The H-word: local content and the Hlaudi legacy

Local content is in the news again. First, arts & sport minister Nathi Mthetwa declared on May 4 that “we are pleading for local content to dominate on radio and television” during the Covid period. Then, on May 6, ICASA granted broadcasters an exemption https://www.icasa.org.za/news/2020/compliance-exemption-to-television-and-radio-services from local content programming quotas (excluding music on radio) during the National State of Disaster and for three months thereafter. Those with an eye for contradictions might spot one here.

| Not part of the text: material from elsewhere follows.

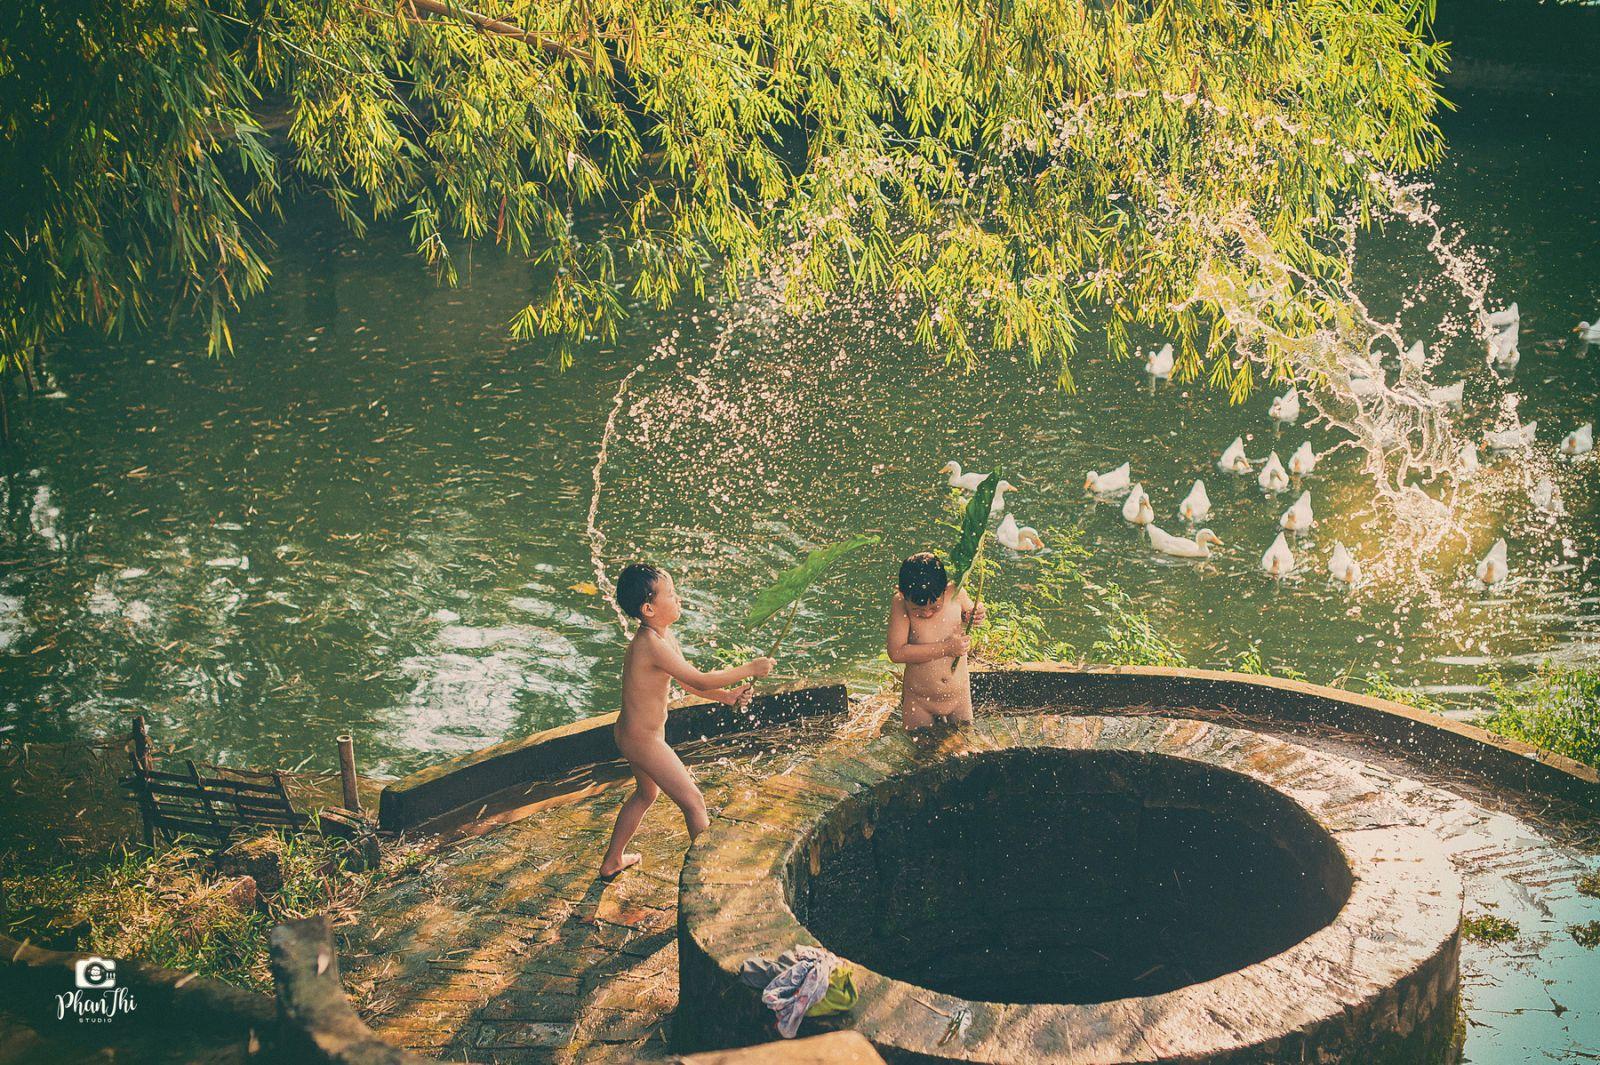 Hình ảnh quê hương những đứa trẻ tắm mát bên giếng

Mthetwa’s plea came in the context of a speech explaining the scale (60%), and reasons for the failure of artists to successfully access DACS Covid relief. As artists themselves have explained (most recently, theatre practitioner Thami ka Mbongo in the context of the Western Cape https://www.artlink.co.za/news_article.htm?contentID=46222) the true reason is that the relief is surrounded by a thicket of obscure bureaucratic requirements, structured in ways that just cannot accommodate the working lives of most artists.

The Minister isn’t wrong

Nevertheless, (this time) Mthetwa isn’t wrong. First, locally-commissioned content is likely to be far better at speaking about South Africa’s Covid dilemmas and solutions than generic international TV. Second, artists’ desperate need for relief might have been slightly mitigated if broadcasters had been consistently commissioning local productions over recent years – and paying for them on time. The SABC, which brought the appeal for rule relaxation before ICASA, has historically been one of the worst offenders in that latter respect (and has been allowed by government to get away with it).

The furious online response to the minister’s plea, however, reveals the extent to which we’re still living with the legacy of Hlaudi Motsoeneng’s lunatic 90% local content diktat. (Some publications and Tweeps went so far as to declare that despite his fall from grace, Motsoeneng might be getting his way at last.) The responders didn’t parse what Mthetwa actually said, but simply invoked the dreaded H-word to damn it.

Giving quotas a bad name

Motsoeneng’s irrational 90% plans gave local content quotas a wholly undeserved bad rap that persists. They routed advertisers, alienated listeners, made it harder for the national broadcaster to fulfil its information mandate by narrowing content – and, after all that, brought no extra revenue to most local musicians either.

It’s not stretching things to suggest they also made it far easier for the current SABC to persuade ICASA. With local content already in the reputational doghouse because of the Motsoeneng farce, it might seem like common sense to say yes to loosening the rules.

But it’s not. Local content at the right level builds jobs and culture. The commercial stations’ current required 35% for music, for example, is a joke; it should be at least 50%; SABC’s 60% could rise to 70% without anybody suffering. That won’t happen because everybody’s now scared of the H-effect.

In any case, enforcing rational quotas in any genre can’t happen overnight. It requires solid, appropriate investment over years, including from a government department that has taken time to understand how artists can work and thrive, and how to engage with broadcasters. That hasn’t happened, which makes the May 4 plea feel rather like belated tokenism.

For the same reason, relaxing those ICASA quota requirements not only for the disaster period but for three full months after, could kill many small local production houses for good. ( When actually, as my post earlier this week reported, high quality local music programming is being created right now that broadcasters could already buy.) What’s the point of even conceptualising productions now, when the broadcasters will not feel the slightest pressure to use them for possibly close to a year? After that, with other concerns much higher on the political agenda, how much impetus will there really be to restore the quotas? Why bother, when re-treads of imported media garbage remain available at close-to-dumping prices?

Are there better policies out there?

DACS should rather be looking right now at the example of the post-Great Depression WPA Federal Art Project ( part of the New Deal reconstruction programme: see https://livingnewdeal.org/what-was-the-new-deal/). That provided government funding for public art and performance, with a percentage of funding allocated to training and bringing in community members. Around three million arts-related  jobs were created. (If you’re wondering, the murals illustrating this blog were painted by Mexican artist Diego Rivera, some under the auspices of FAP.)

Invest in a National Art Project now in preparation for post-Covid reconstruction. Keep official hands off content; leave that to creators and their communities. That’ll give Minister Mthetwa his local programmes, give artists jobs, and give broadcasters shows faster than they believe possible. Meanwhile, ICASA should keep a firmer grip on broadcasters. Let them use more imported content, but require a solid quid pro quo right now in parallel investment in, or guaranteed commissions for, local productions for the future. And don’t offer carte blanche for Disaster+3 months. Instead, review the situation and adjust the policy at every stage as lockdown eases. (One doubts ICASA has too much else to do these days, and they’re still getting paid…)

The only way we can escape the zombie hands of the Hlaudi legacy is to make a completely fresh start on local content policies. We don’t want to return to ‘normal’ when ‘normal’ never served artists well before. There could hardly be a better time to begin the changes than now.